Джонотан тихо приблизился, не желая тревожить ее спокойный сон и осторожно присел на край койки. Агата заворочалась, что-то бормоча.
— Джонни, — ее веки дрогнули, губы изогнулись в легкой улыбке, но по ровному дыханию он понял, что Агата все еще спит и кажется, ей снятся хорошие сны.
— Пожалуйста, Джонни, — прошептала она, приподнимая брови, отчего ее лицо стало совсем беззащитным, и Джонотан сдался.
Он был мокрым после “душа” от Элен, и дурман, возможно, не до конца еще выветрился из его головы, но было выше его сил не склониться, не отвести упавшую на щеку прядь волос. Едва прикасаясь, он погладил костяшками пальцев ее заалевшую ото сна щеку.
— Агата, —
— Джонотан, — успела прошептать она прежде чем Джонотан накрыл ее приоткрытые губы нежным поцелуем.
Ее губы были мягкими и податливыми и раскрылись ему навстречу, словно именно об этом она и молила в своих грезах.
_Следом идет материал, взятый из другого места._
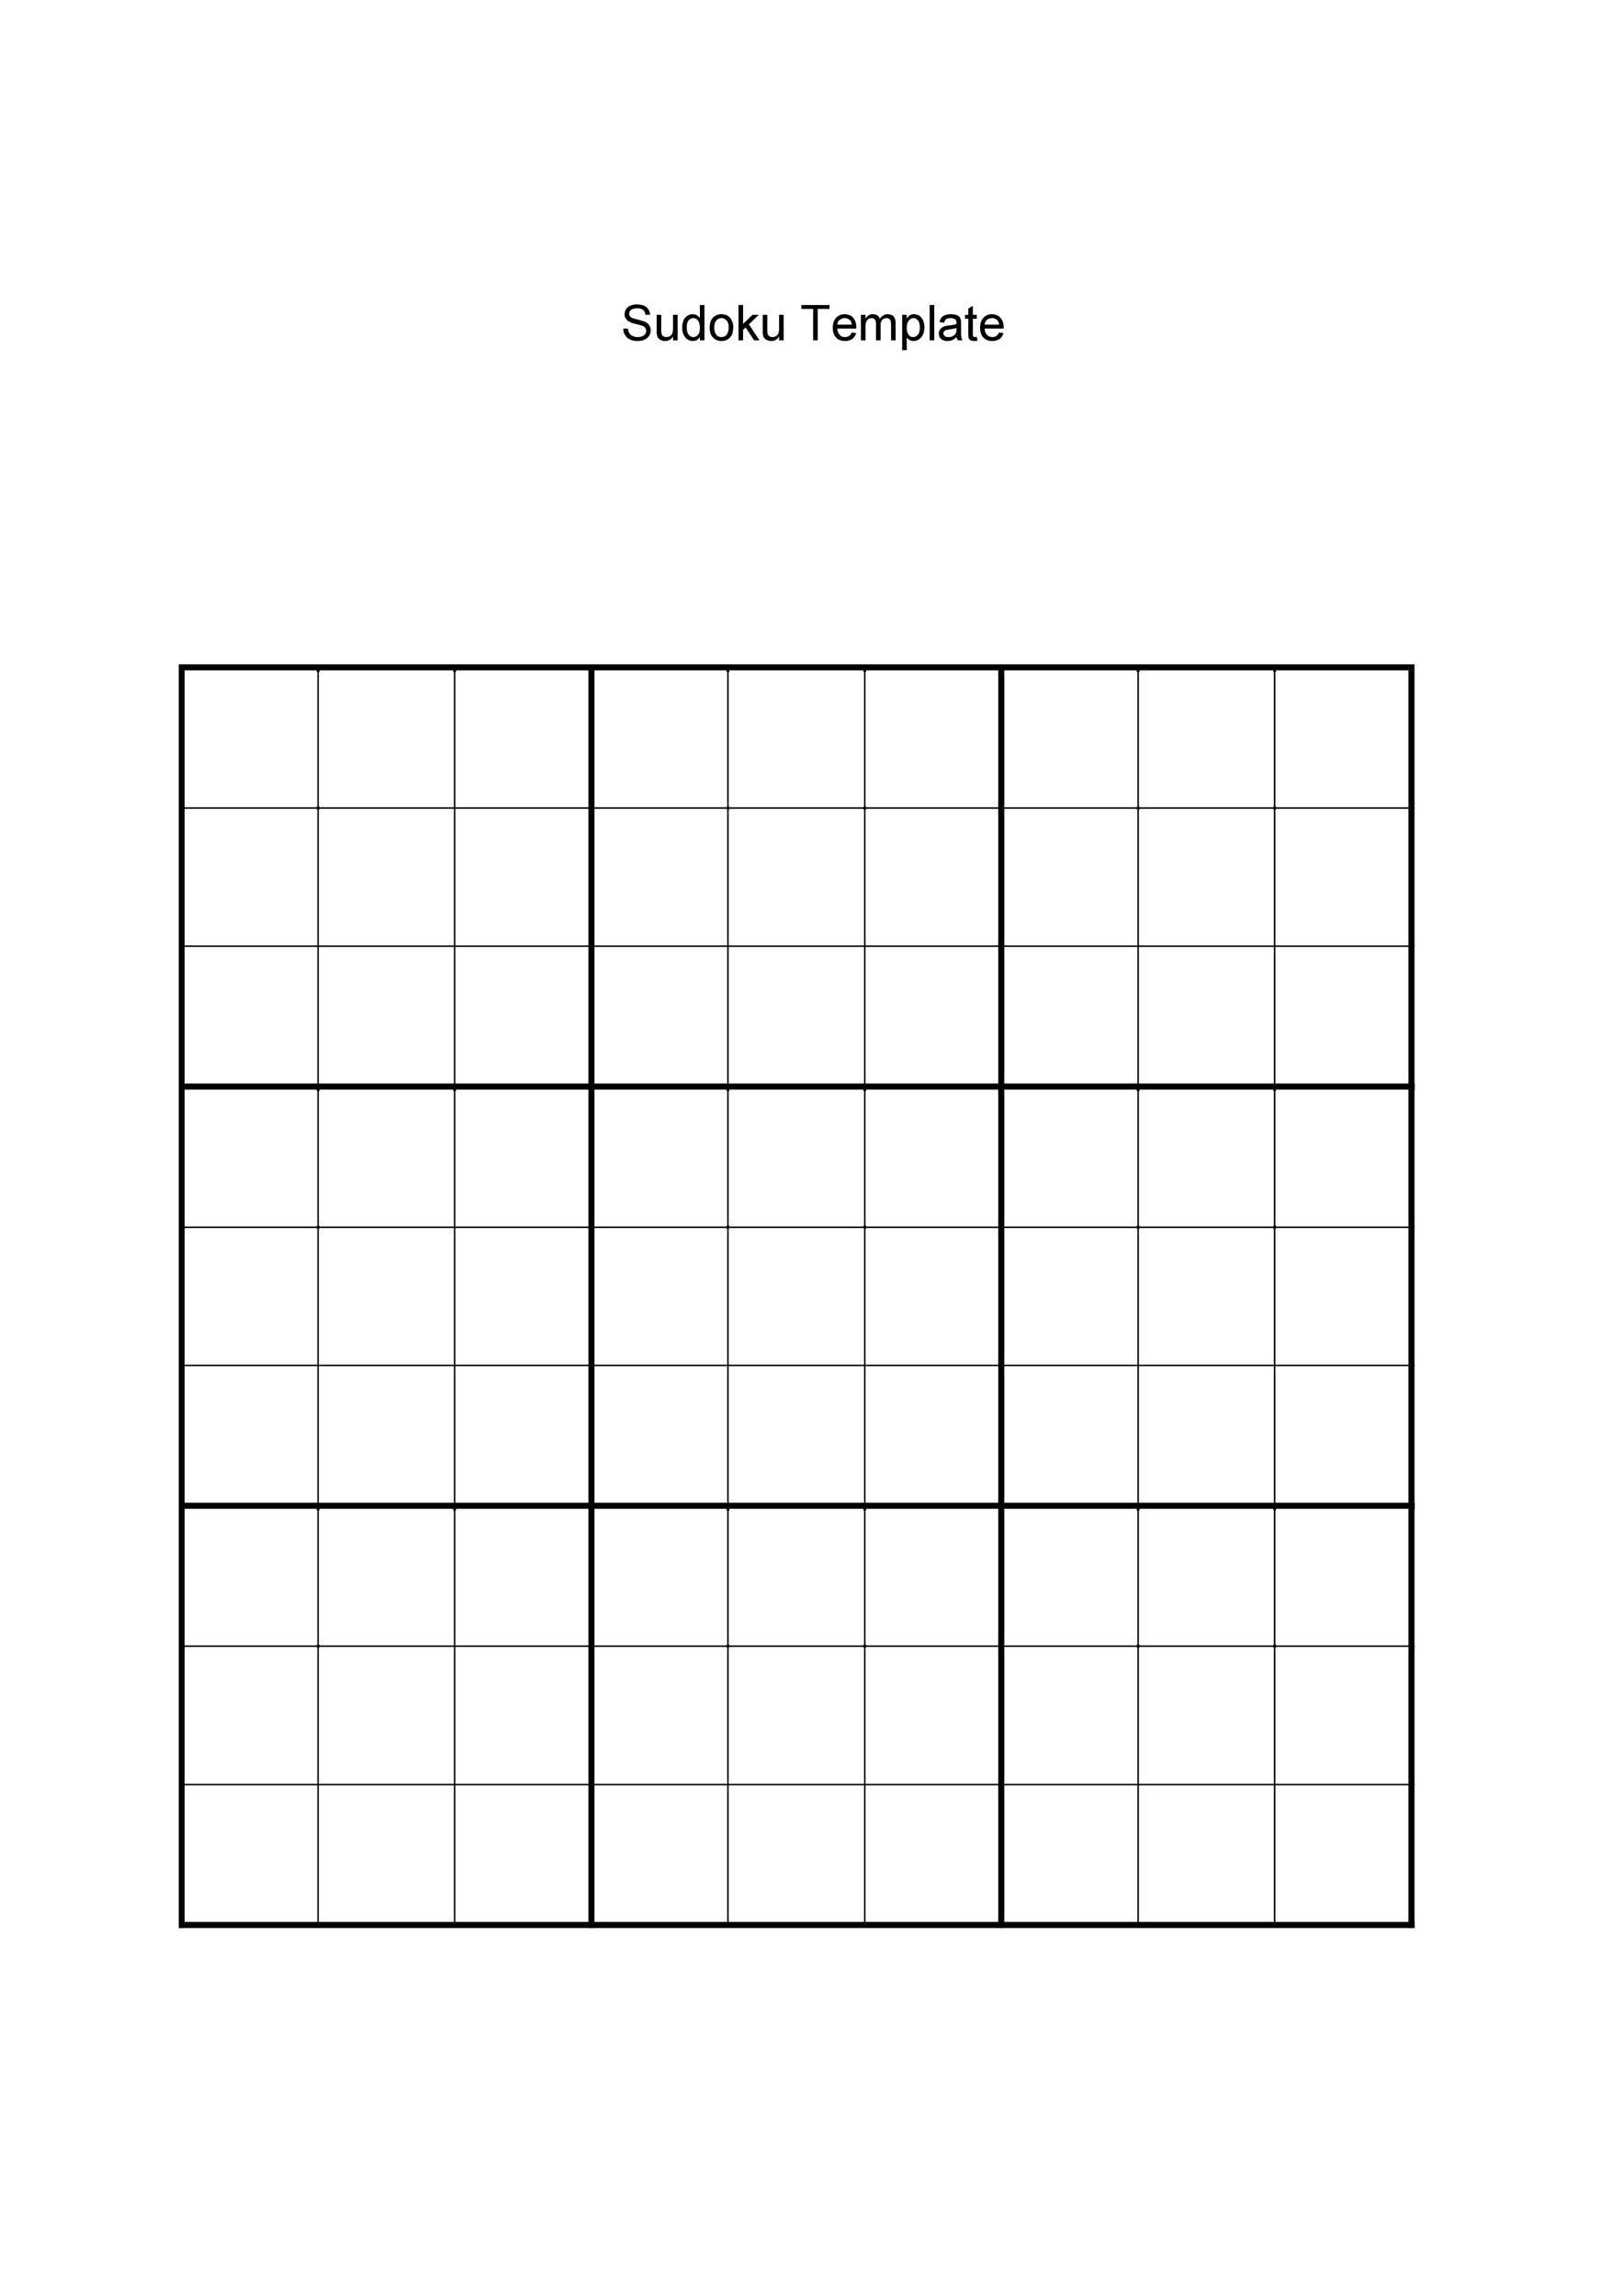 Free blank sudoku grid 10

Он ожидал получить оплеуху, когда Агата окончательно проснется и поймет, что происходит, но когда немного отстранился, неожиданно почувствовал, как нежные руки обхватили его за плечи, скользнули по шее и наконец зарылись в волосы на затылке, требовательно притягивая.
— Джонотан, — выдохнула она ему в губы и подалась всем телом навстречу. — ты и правда тут. И теперь только посмей куда-нибудь от меня деться.
— Никуда не денусь, — пробормотал Джонотан, снова впиваясь в её сладкие и столь долгожданные губы. Он не мог прежде и мечтать, что целовать Агату — такое наслаждение, рядом с которым меркнут все прежде известные ему удовольствия. — Драгоценная моя…
Он не мог перестать касаться её губ, и прежде робкие движения грозили перерасти в жадный напор, но и Агата простонала и ответила на поцелуй так, что Джонотан окончательно терял свою голову. Орхан не зря предлагал её отрубить.
— Ты так говоришь, потому что я действительно… дорого стою? — хрипло поддразнила его Агата, уворачиваясь от поцелуя, но изнемогая от того, чтобы Джонотан не отстранился, а продолжил жаркое касание.
— Очень дорого. Я готов был заплатить за тебя всем…
Джонотан не отступил бы, никогда, лишь бы снова чувствовать её запах, ощущать мягкие, полные нежности и страсти губы, прикосновение к которым было лучше ледяной воды после жаркой пустыни. Но, чтобы утолить жажду, ему хотелось большего.
А одна мысль о том танце в золотых цепочках, которому он стал невольным зрителем, о том мгновении, когда разгоряченная Агата прижалась к нему в отчаянном порыве, целуя в первый раз в жизни, о том, как холодный металл впился в их горячую кожу, не остужая ни на миг вспыхнувшую страсть… всё это заставило Джонотана тихо, но нетерпеливо прорычать, наступая ещё больше на Агату, уволакивая её за собой на постель и впиваясь жадно в такие же жадные сумасшедшие губы.
В дверь резко и требовательно постучали.
— А ну-ка постойте, голубки, — прогремел голос Вильхельма, нагло распахнувшего дверь.
— Отвали, — Джонотан схватил что-то, подвернувшееся под руку на столе, кажется, подсвечник, и со всей силы швырнул за спину.
Судя по всему, Вильхельму удалось пригнуться, и подсвечник прогремел по дереву.
— Мы так не договаривались, — усмехнулся пират, пройдя до них, — и потом, это совершенно неприлично. Во-первых, у нас на борту высокопоставленные гости. А во-вторых, вы еще не женаты!